I’ve spent the last two years advocating in your fight to be heard. It’s been really hard. At times it had more ups and downs than mommy could take. But it was your attitude that kept me going. It was your strength that pulled me forward.

Now here I am, sitting in an empty house, feeling a little lost without you. I miss you deeply. My calendar looks so empty. It’s been you and me against apraxia. We’re a team…I feel like I’ve lost my partner.

I’ll be honest though, Gia…I’m a little tired. I could really use a break. A nap sounds kinda nice. A pedicure sounds even nicer. I could use some lunch dates with daddy and some morning coffee with your Aunt Trish.

So today is bitter sweet. It’s a day I’ve both feared and looked forward to.

I did everything I could to get you ready for this moment. But today, as we made our way up to your new school, I couldn’t help but wonder if I had done enough. With your hand in mine, we walked into a classroom full of Kindergarteners. My head was spinning with questions I felt desperate to know the answer to – will your peers understand you? Accept you? Make fun of you? Will you struggle with Reading? Writing? Dyslexia?

Did I do enough?

In your own little way, you brought me peace and turned off all the noise. You looked so at home in that classroom – so happy and self-assured – so ready.

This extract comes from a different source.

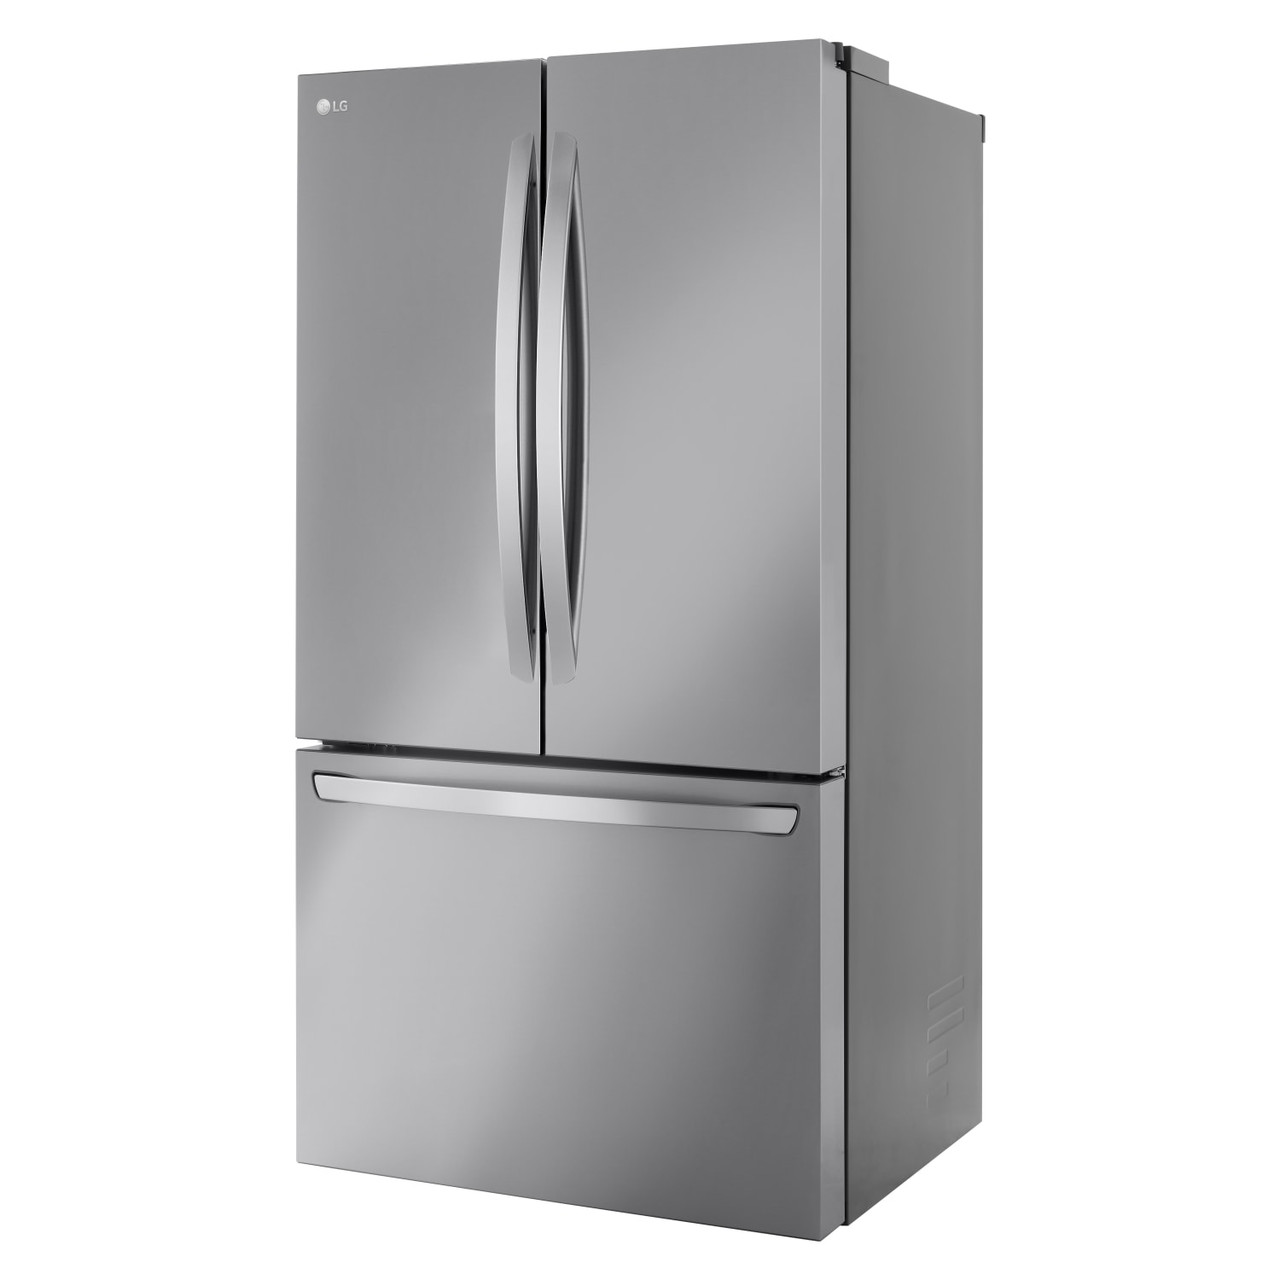 LG 27 cu. ft. Smart Counter-Depth Refrigerator - LRFLC2706S
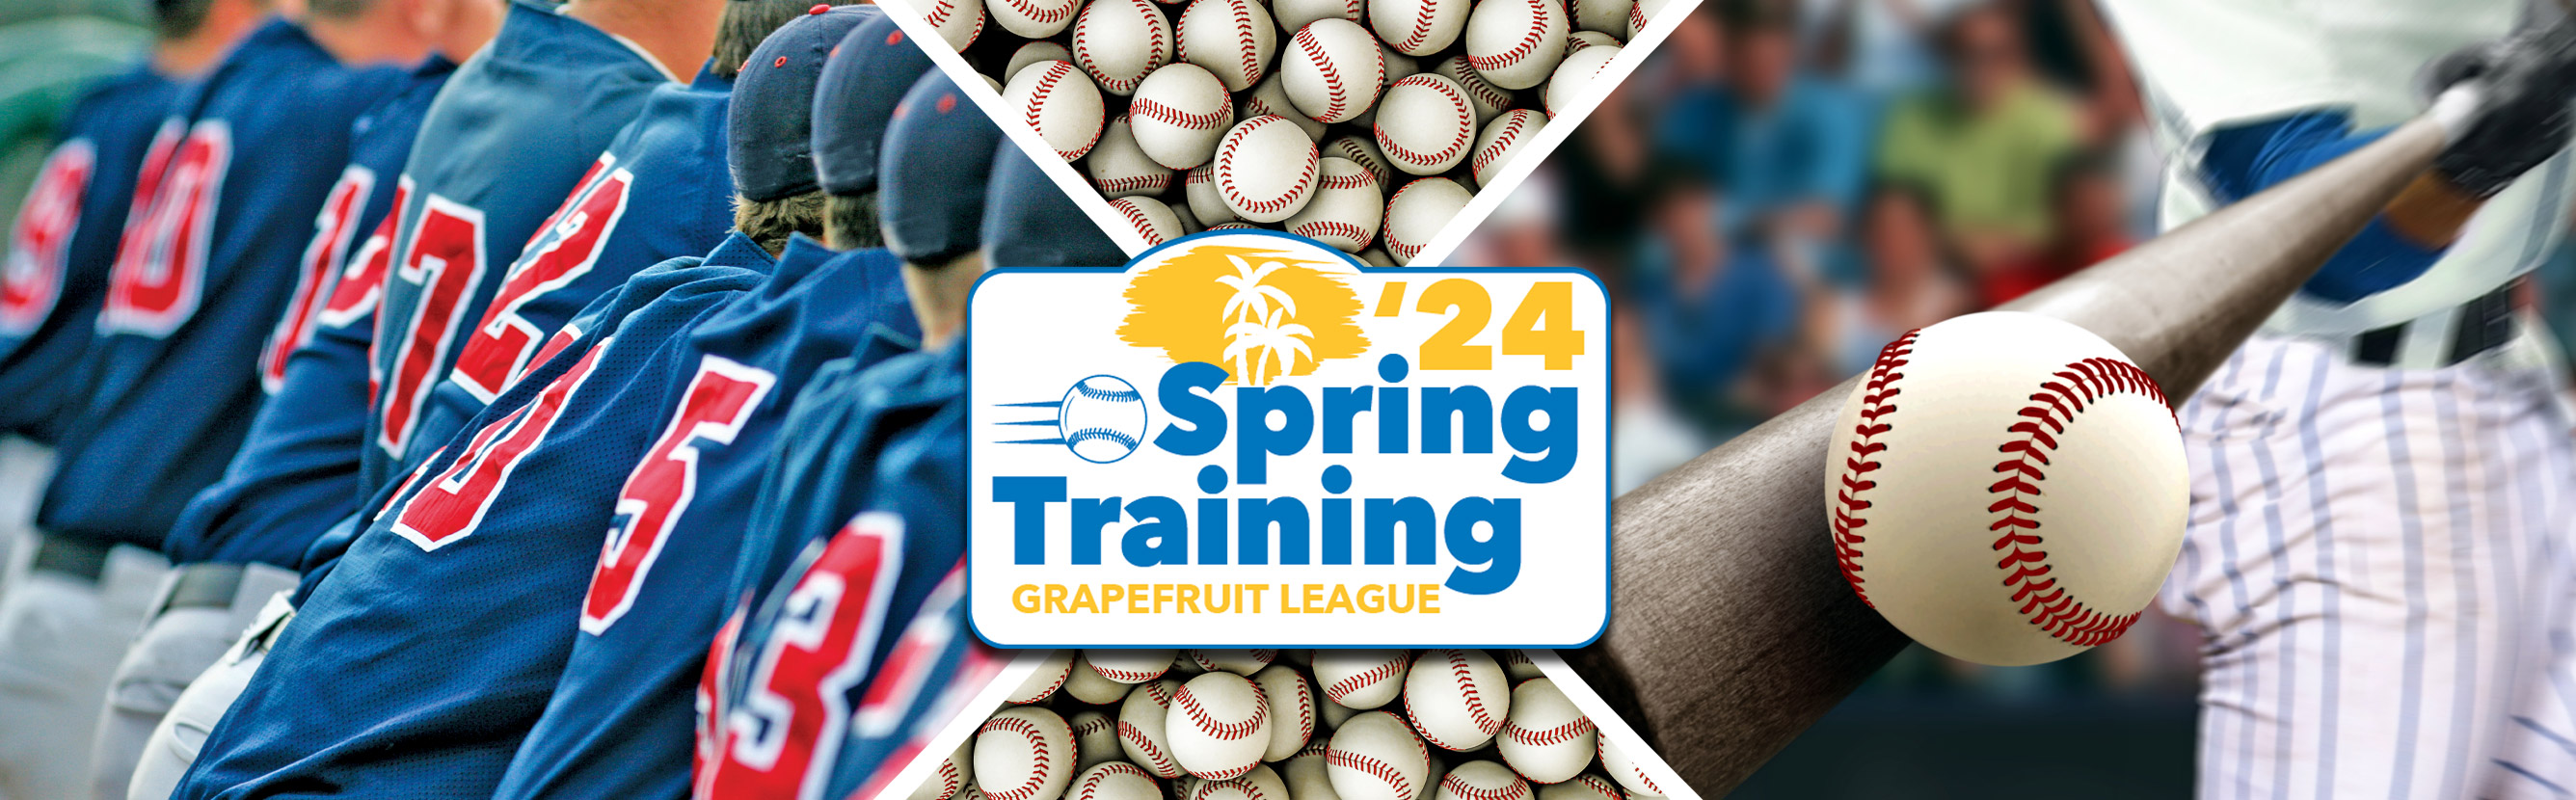 Spring Training Grapefruit League

It was clear, you were right where you wanted to be – where you needed to be.

So I grabbed your heart-shaped little face, looked you right in those big blue eyes and said goodbye with a kiss. I slowly made my way out the door, watching you as I left. But I couldn’t leave just yet. I needed just one last picture. So with camera in hand, I ran back to greet you at your desk. But you, Gia, you greeted me back with exactly the words I needed to hear…

“Mom, you gotta go!”

I’m so proud of you, Gia. Today is your day!